- DATA:
>>

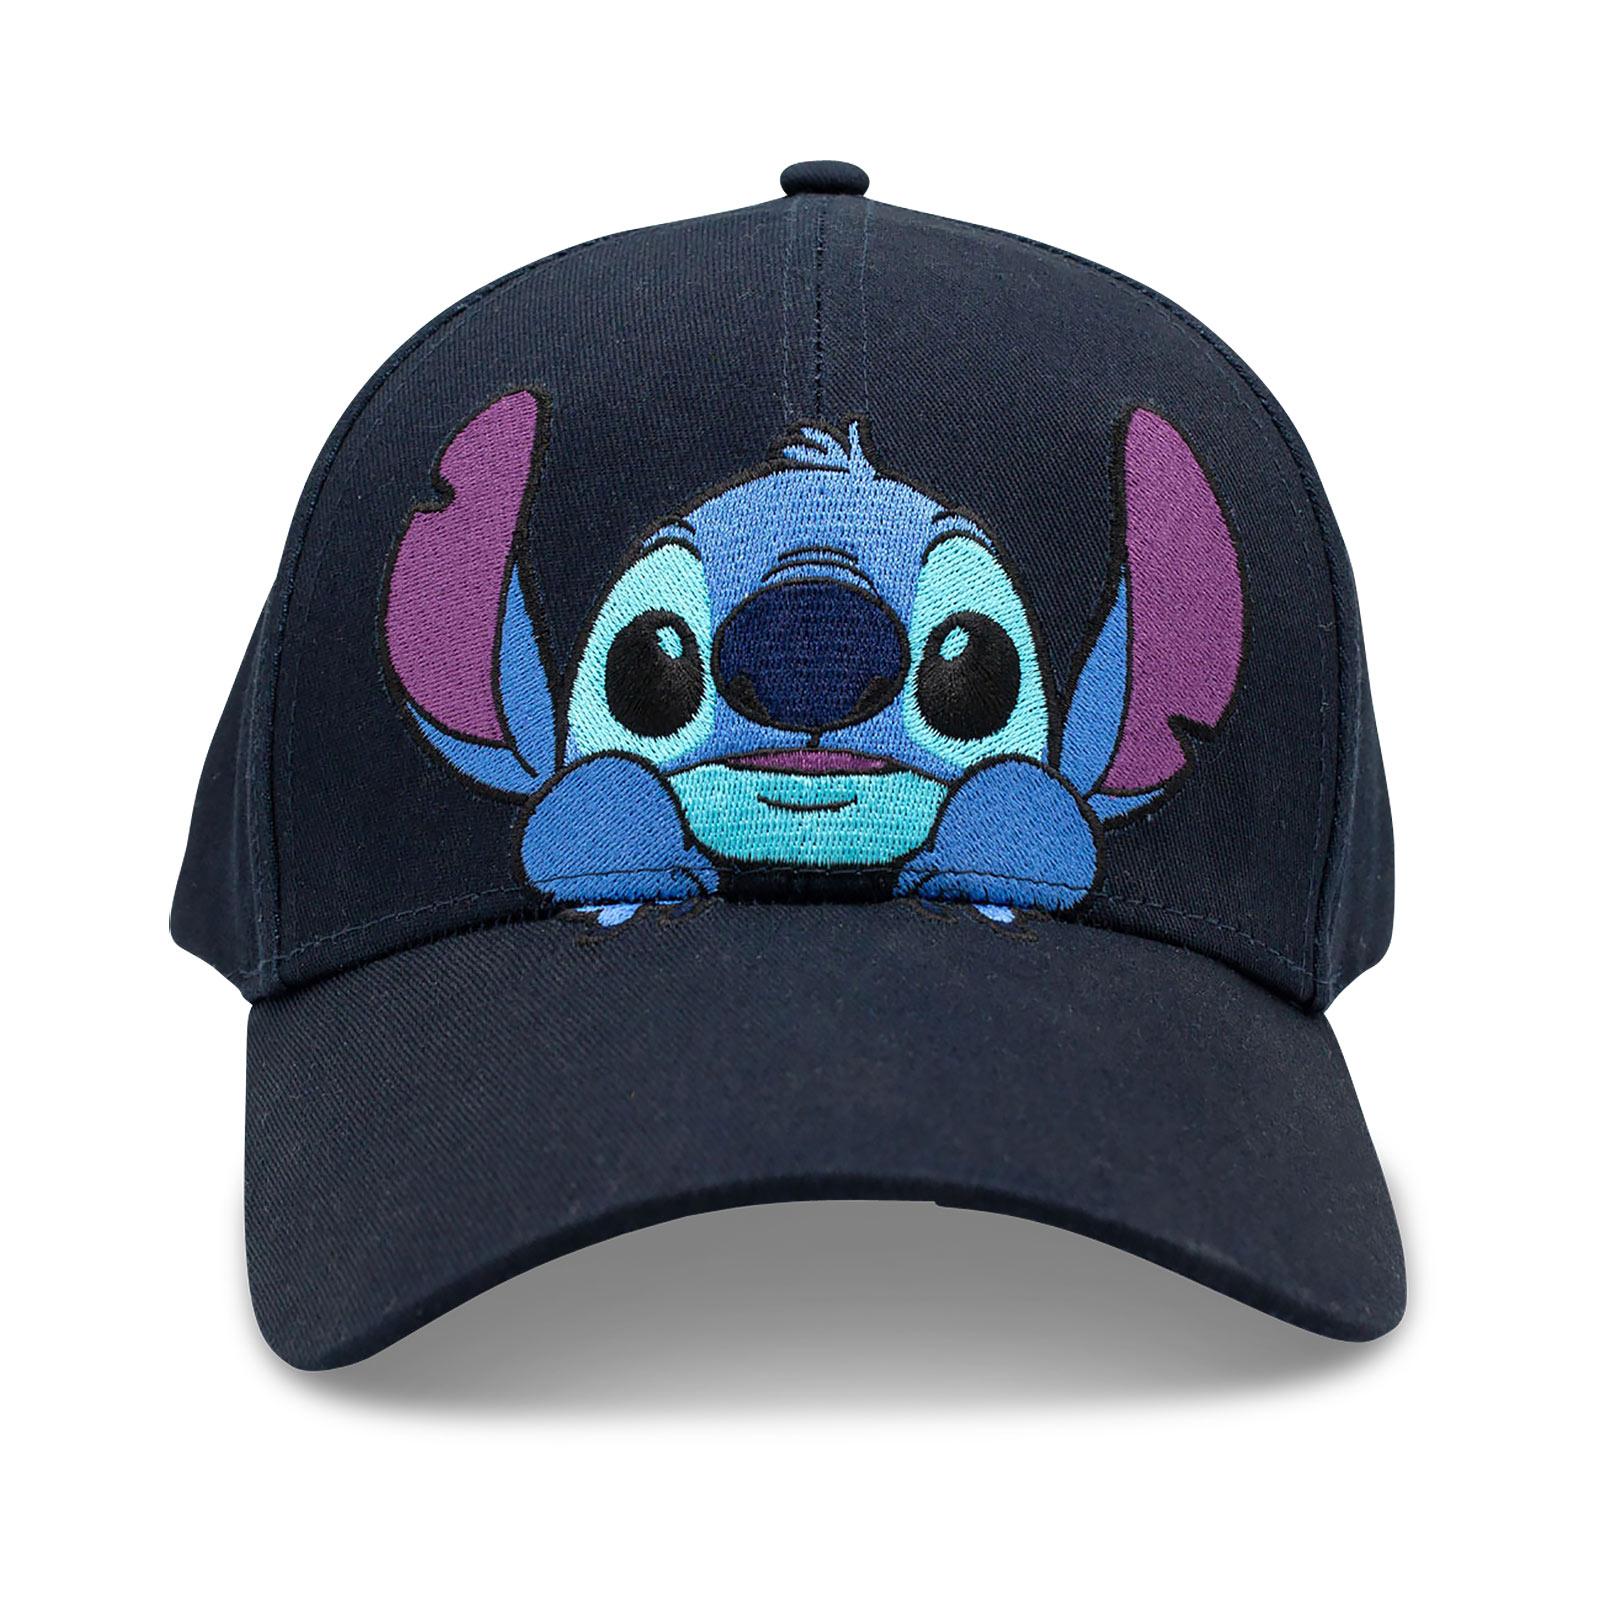 Lilo & Stitch - Stitch Basecap blau
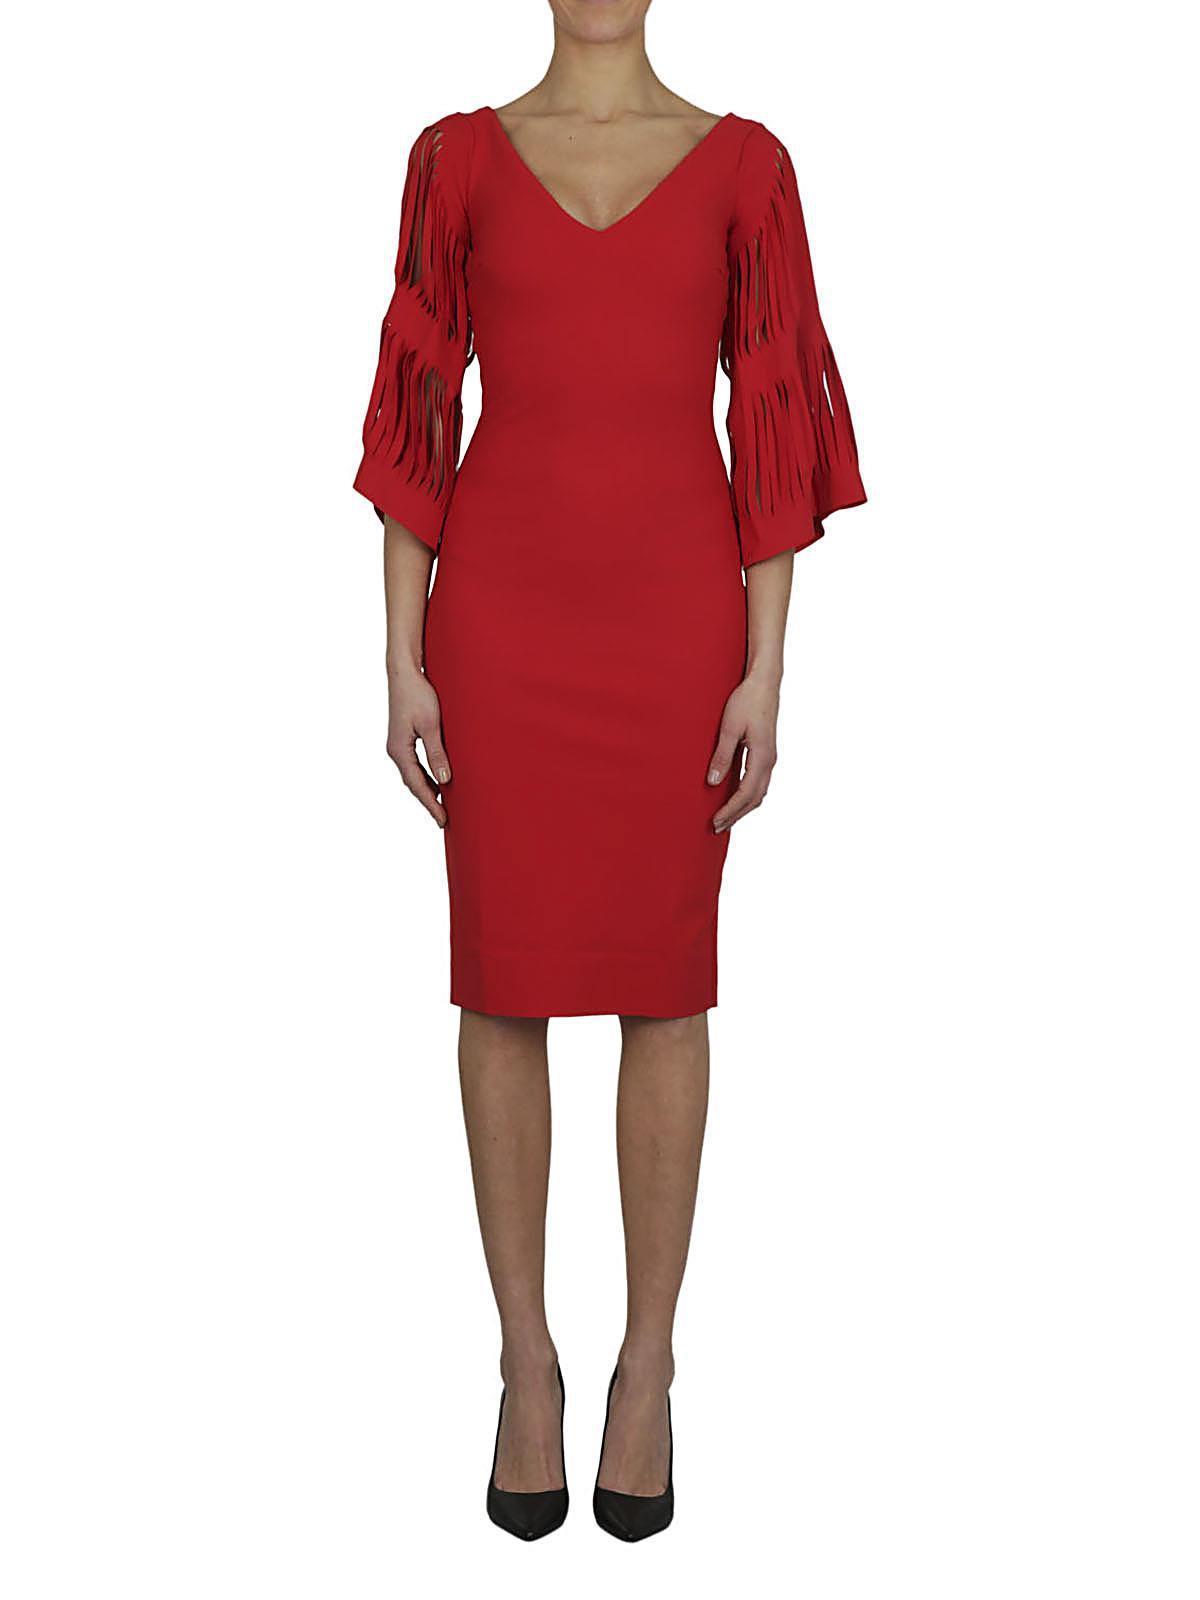 2638f614b527 Chiara Boni CHIARA BONI Abito tubino rosso in Red - Lyst
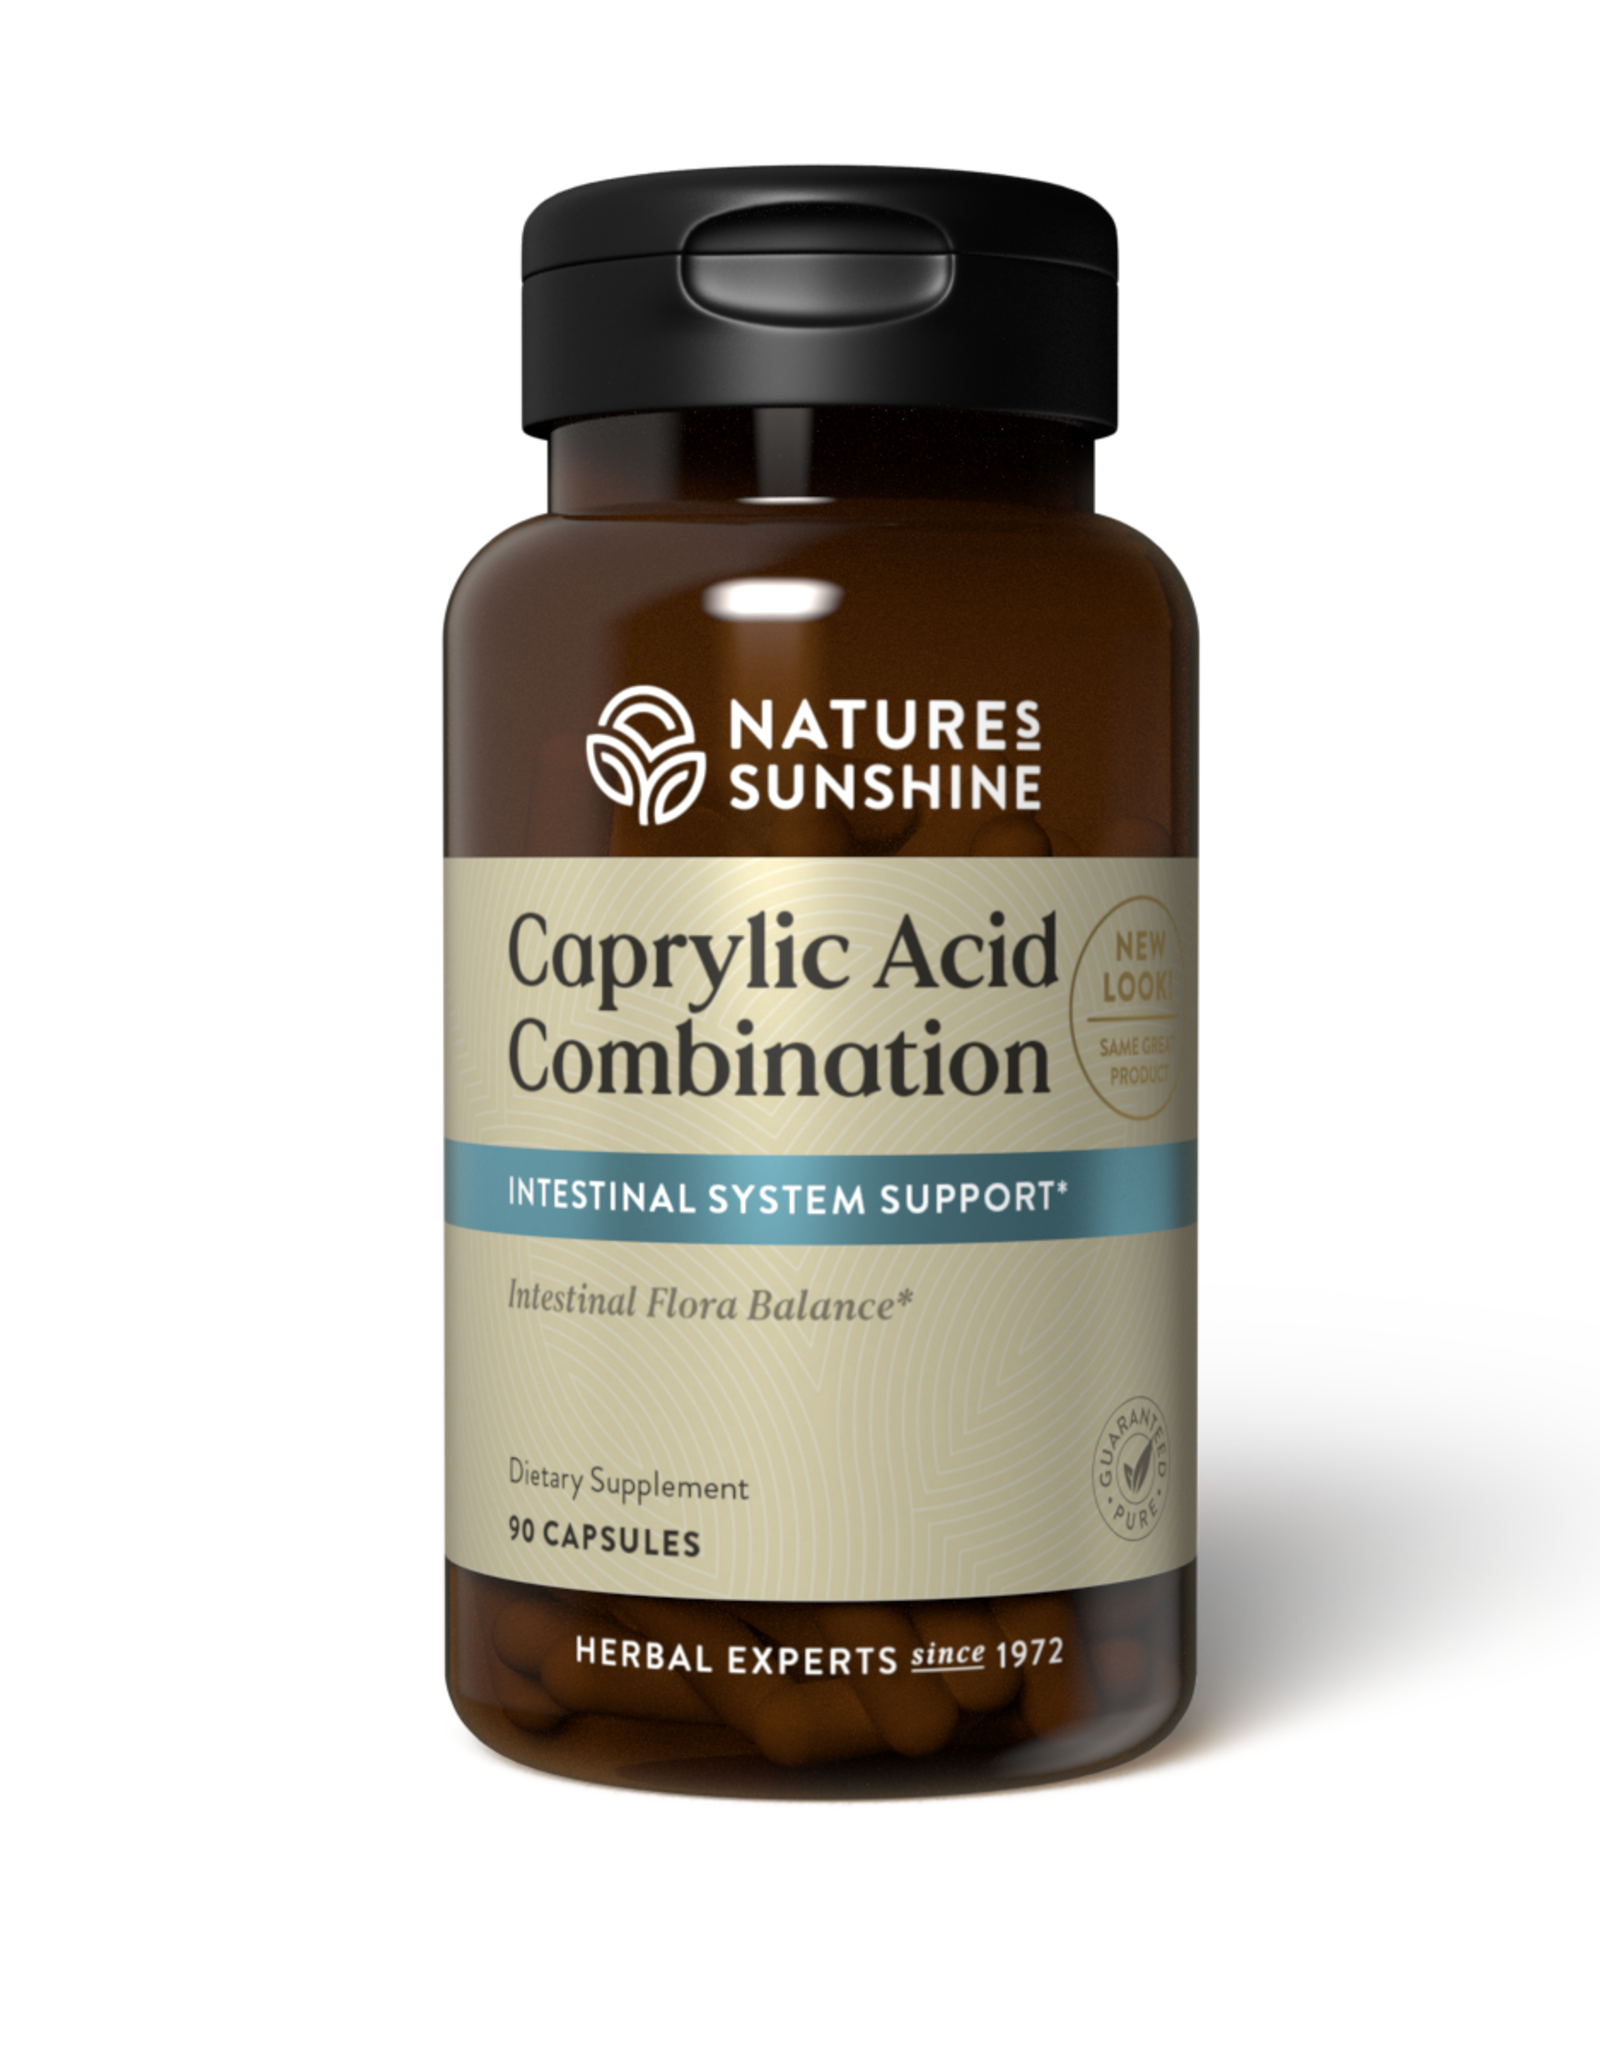 Nature's Sunshine Caprylic Acid Combination (90 caps)
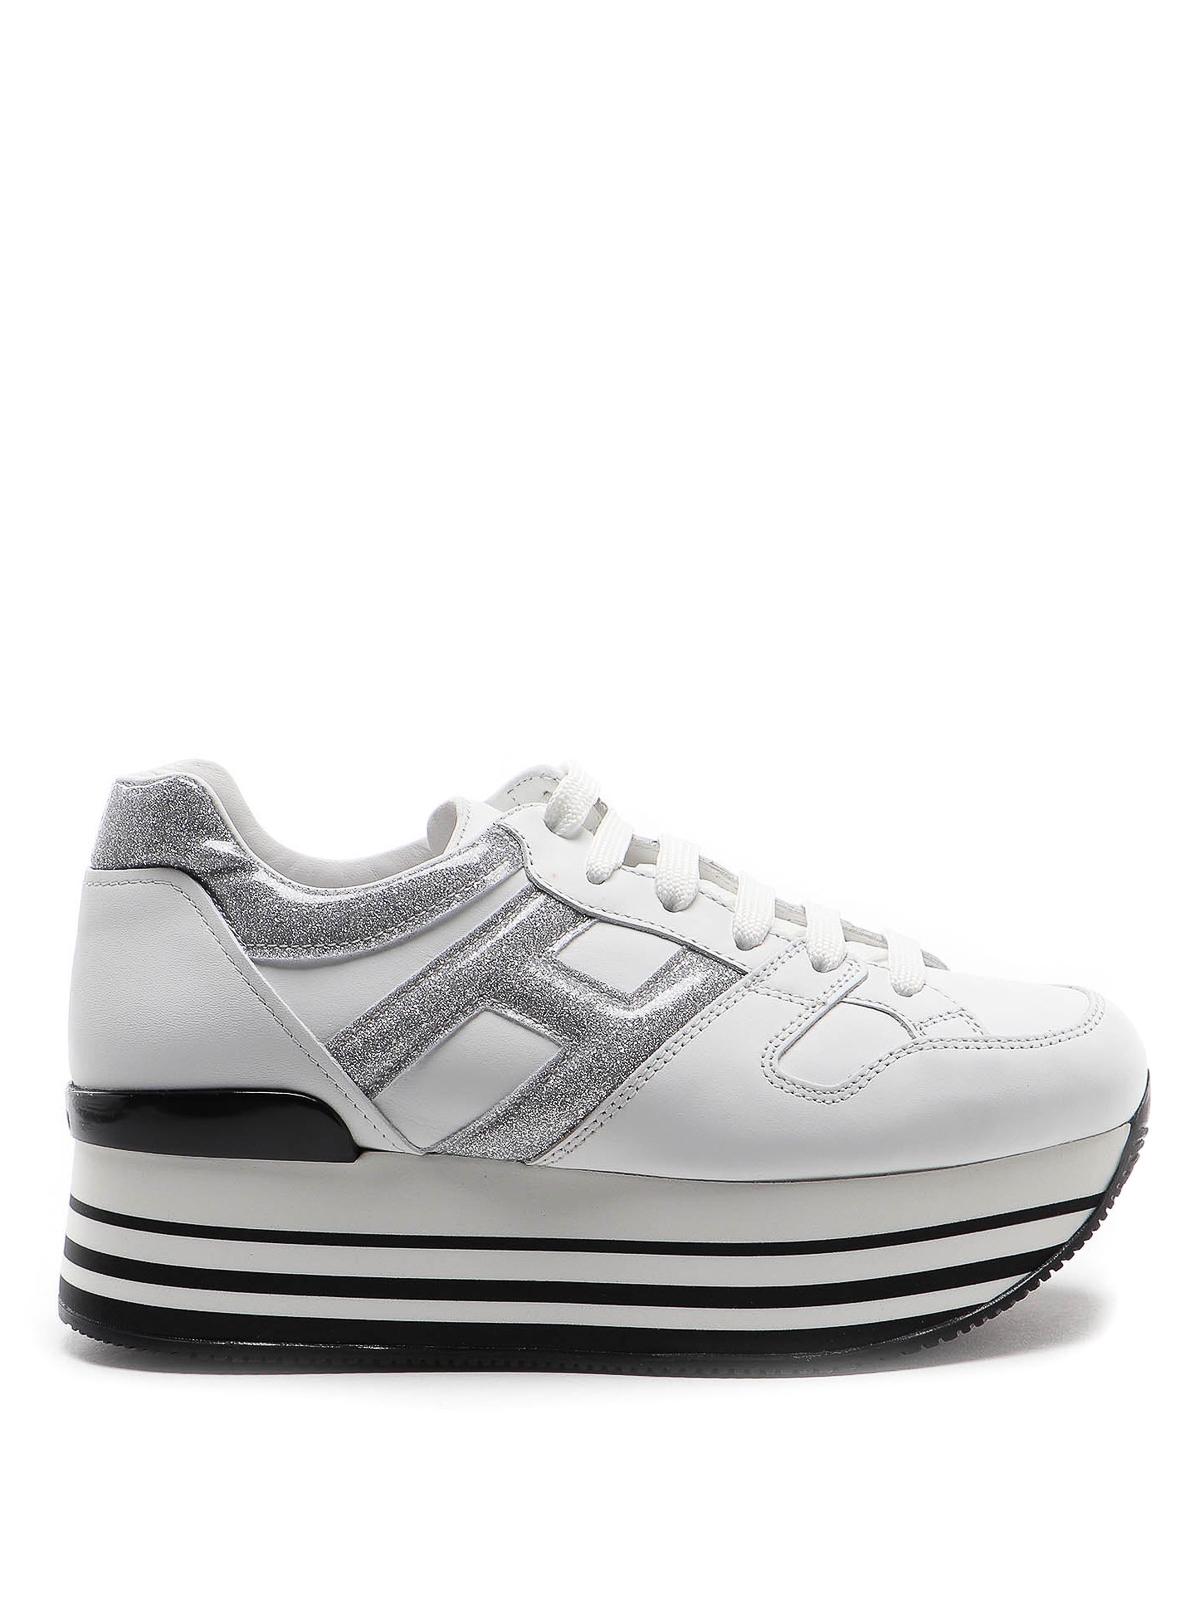 Hogan - Maxi H222 sneakers - trainers - HXW2830T548N1Q0351   iKRIX.com

<<

- WHAT TO PRODUCE: Your task is to repeat the material above exactly, without its pictures.

- RESPONSE:
 Lilo & Stitch - Stitch Basecap blau
 2638f614b527 Chiara Boni CHIARA BONI Abito tubino rosso in Red - Lyst
 Nature's Sunshine Caprylic Acid Combination (90 caps)
 Hogan - Maxi H222 sneakers - trainers - HXW2830T548N1Q0351   iKRIX.com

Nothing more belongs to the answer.